The future role for the European Innovation Partnership for agricultural productivity and sustainability

One of the new initiatives to be announced by the Commission when it publishes its legislative proposals for the CAP post 2013 on Wednesday 12 October next will be the European Innovation Partnership (EIP) for agricultural productivity and sustainability. The Commission attaches great importance to this instrument to address lagging productivity growth in agriculture and to contribute to increased innovation.

To date, there is relatively little information on how this new instrument would work and what it will mean. The Commission is still in the process of internal reflection to define the objectives and governance of the EIP. However, some light is thrown on the Commission’s thinking in the evidence of Commissioners Ciolos and Geoghegan-Quinn to a recent UK House of Lords inquiry into Innovation in EU agriculture.

The emphasis in the new tool is very much on overcoming perceived bottlenecks to getting research results adopted on the ground. According to the Commission’s analysis, the main problem is the insufficient information flow and missing links between different actors (farmers, advisers, enterprises, and researchers). As Mr Georg Häusler, Commissioner Ciolos’ chef de cabinet, colourfully put it in his evidence to the committee:

The basic difficulty seems to be that scientists are doing science somewhere in the corner and farmers are asking for something, but the scientists do not know what the farmers want and the farmers to not know what science does. This is why we launched the European Innovation Partnership.

European Innovation Partnerships – a new EU instrument

But first, some background. European Innovation Partnerships as a new approach to innovation were first proposed in the Europe 2020 strategy and further elaborated in the Commissions’ Communication on an Innovation Union in 2010. The idea was to speed up the development and deployment of the technologies needed to meet the various challenges for Europe identified in those documents. The Partnerships themselves focus on improved governance arrangements to help speed up the adoption of research findings and to overcome the fragmentation of research activity in Europe. Through Innovation Partnerships, the EU aims at rebuilding broken links in the chain between research and bringing innovation to the market.

Innovation Partnerships are a novel concept, so the Commission wanted to test the concept through a pilot partnership to help validate the added value of the concept, gauge the interest and commitment of all key stakeholders, provide insights into how best to develop work packages and assure effective governance.
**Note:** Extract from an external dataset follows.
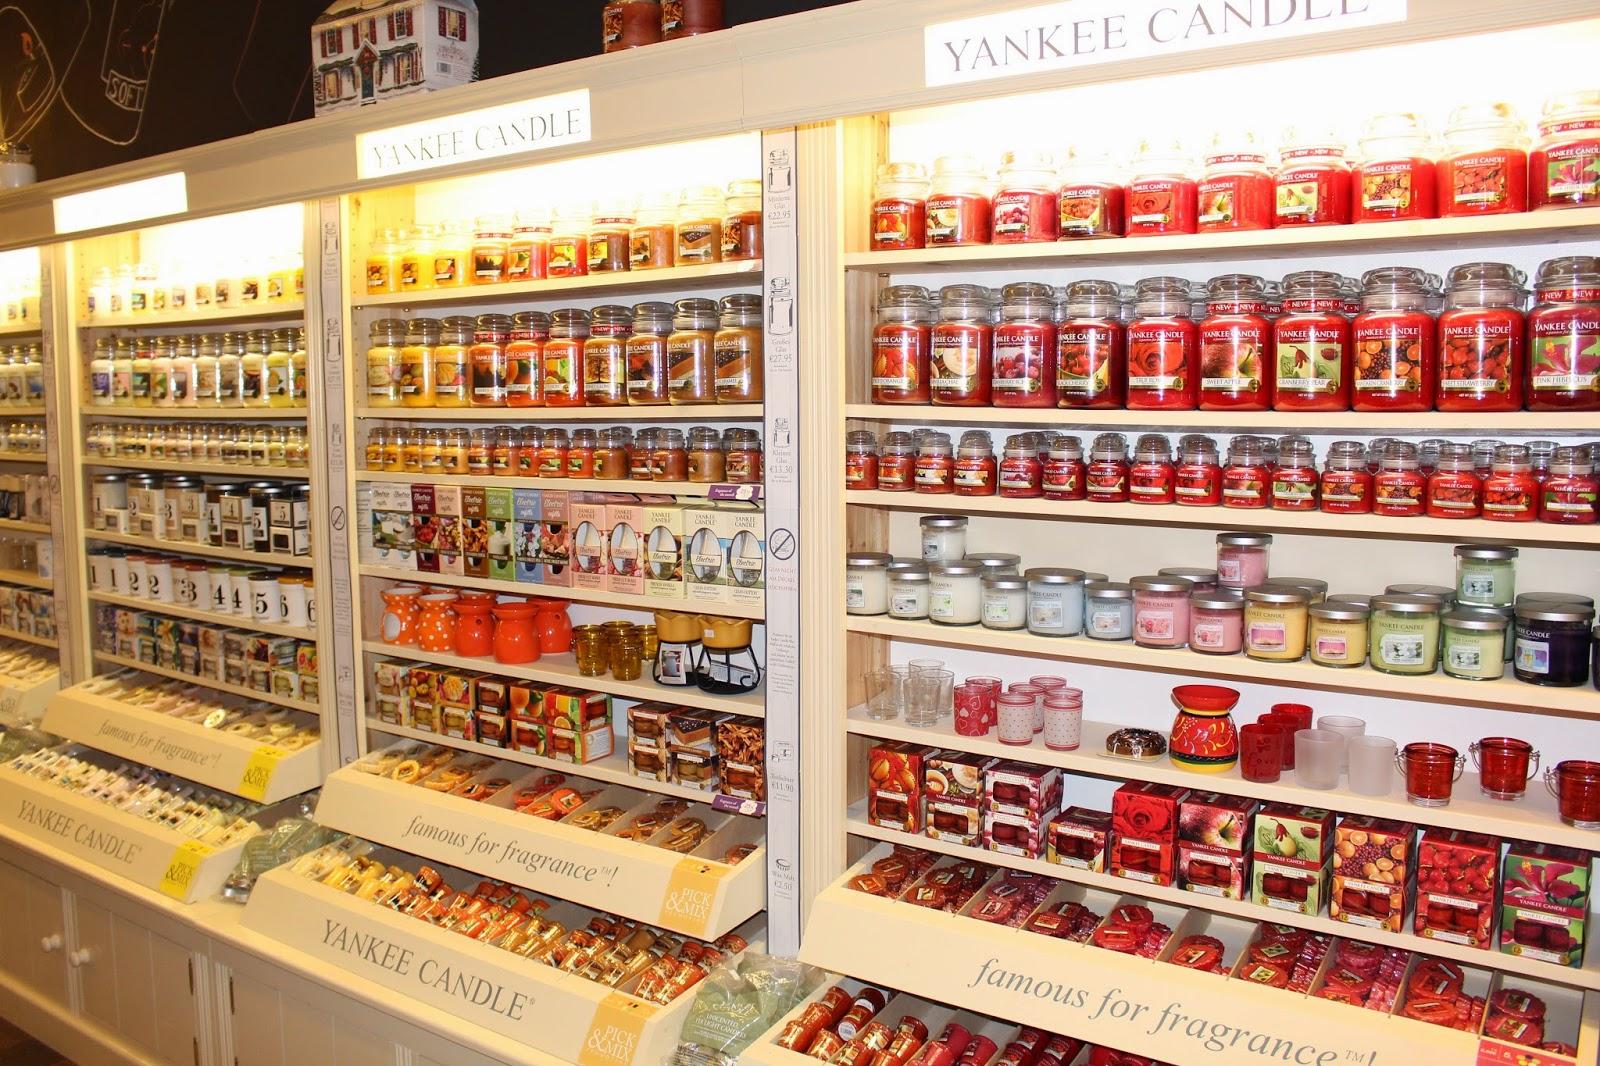 Yankee Candle Amsterdam.Sharmaine Sarina Yankee Plaza De Yankee Candle Winkel In
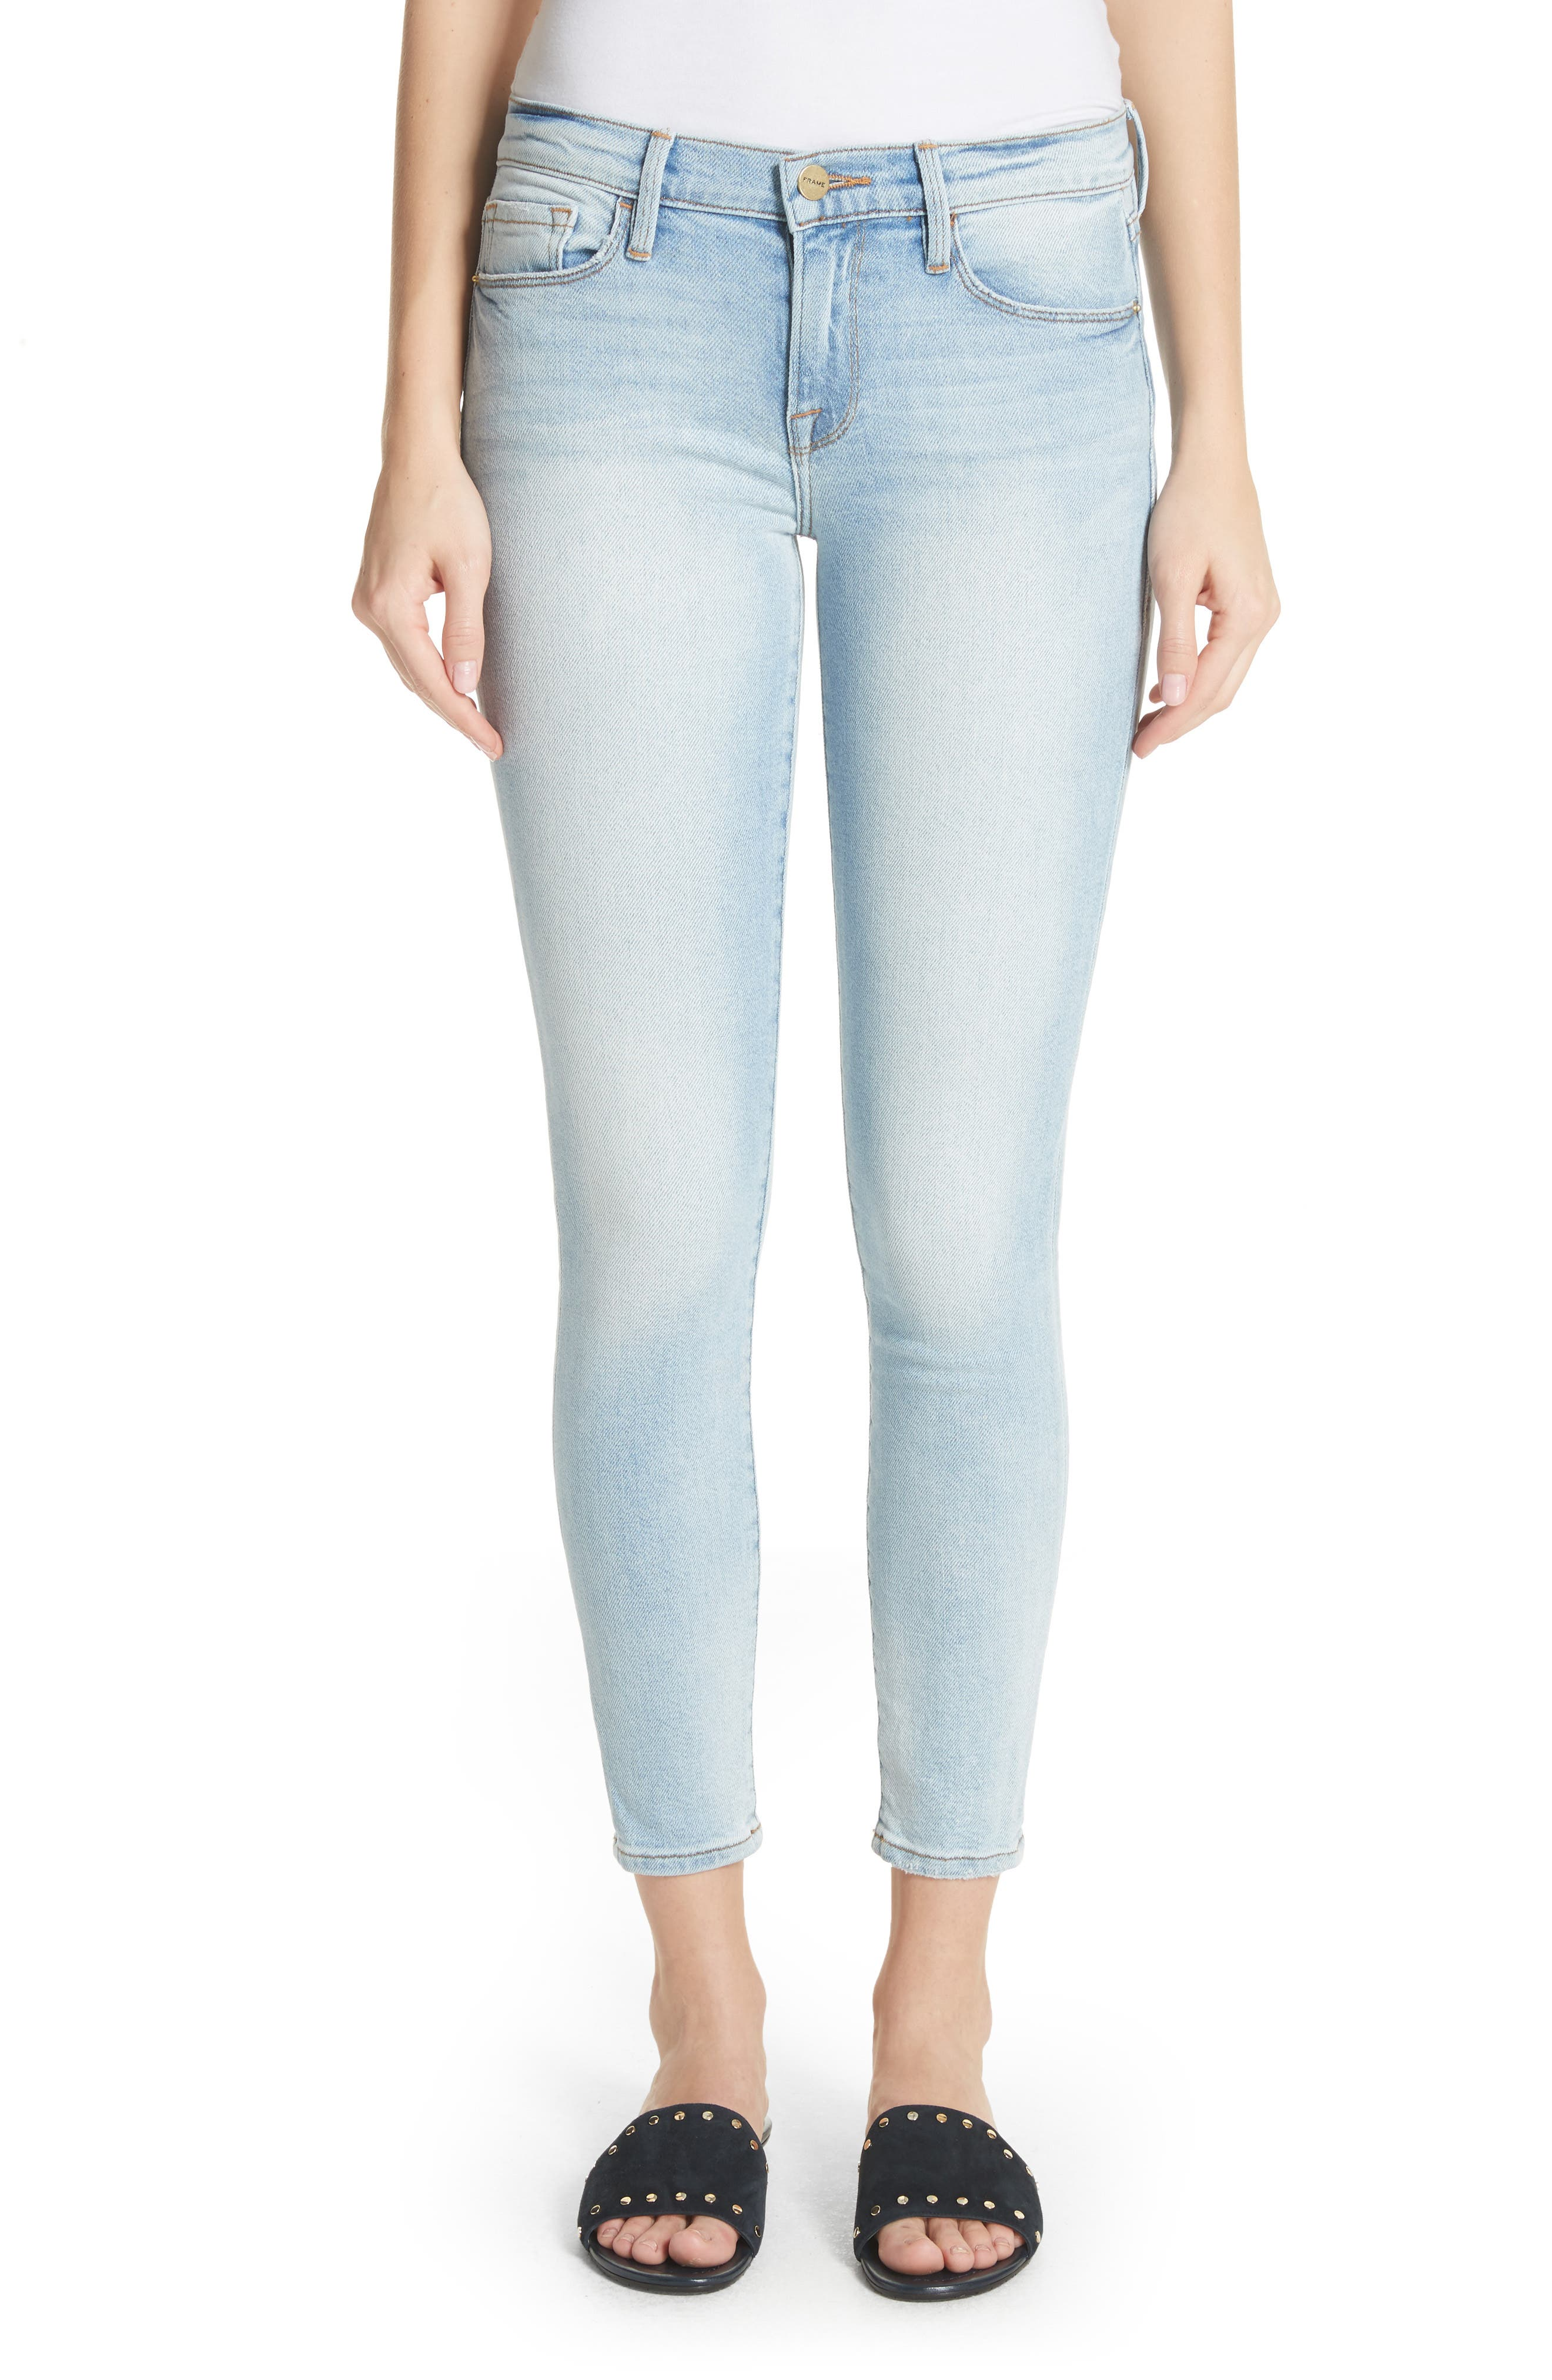 Le Skinny de Jeanne Ankle Jeans,                             Main thumbnail 1, color,                             Adeline

The pilot chosen was an EIP on active and healthy ageing. The ageing EIP was launched this summer following a public consultation and formation of a steering group to assist with the preparatory work. The Commission will later present an assessment of the experiences in this pilot, and preparatory work for the agricultural sustainability and productivity EIP is underway.

Objectives and functioning of the agricultural EIP

According to the Commissioners in their evidence to the House of Lords committee:

The main role of the future EIP ‘Agricultural Productivity and Sustainability’ would be to look at the whole innovation cycle from R&D all the way to products or services on the market and enhance the effectiveness and the integration of innovation instruments. In this respect it will rely mainly on existing instruments, rather than creating new ones. It will look at actions provided by the Rural Development Policy and the Research Framework. These may include cooperation, pilot-projects, knowledge transfer, advisory services, and dissemination. It is anticipated that the creation of a functioning network will fill the current gap between farmers, rural enterprises, and advisors, on the one hand, and science on the other to allow the sector to take full advantage of innovation to produce more with less. It will improve co-ordination between actors and facilitate the use of opportunities provided by the different policy fields (Common Agricultural Policy (CAP), EU Research Policy). will bring together all relevant actors at EU, national and regional levels in order to: (i) step up research and development efforts; (ii) coordinate investments in demonstration and pilots; (iii) anticipate and fast-track any necessary regulation and standards; and (iv) mobilise ‘demand’ in particular through better coordinated public procurement to ensure that any breakthroughs are quickly brought to market.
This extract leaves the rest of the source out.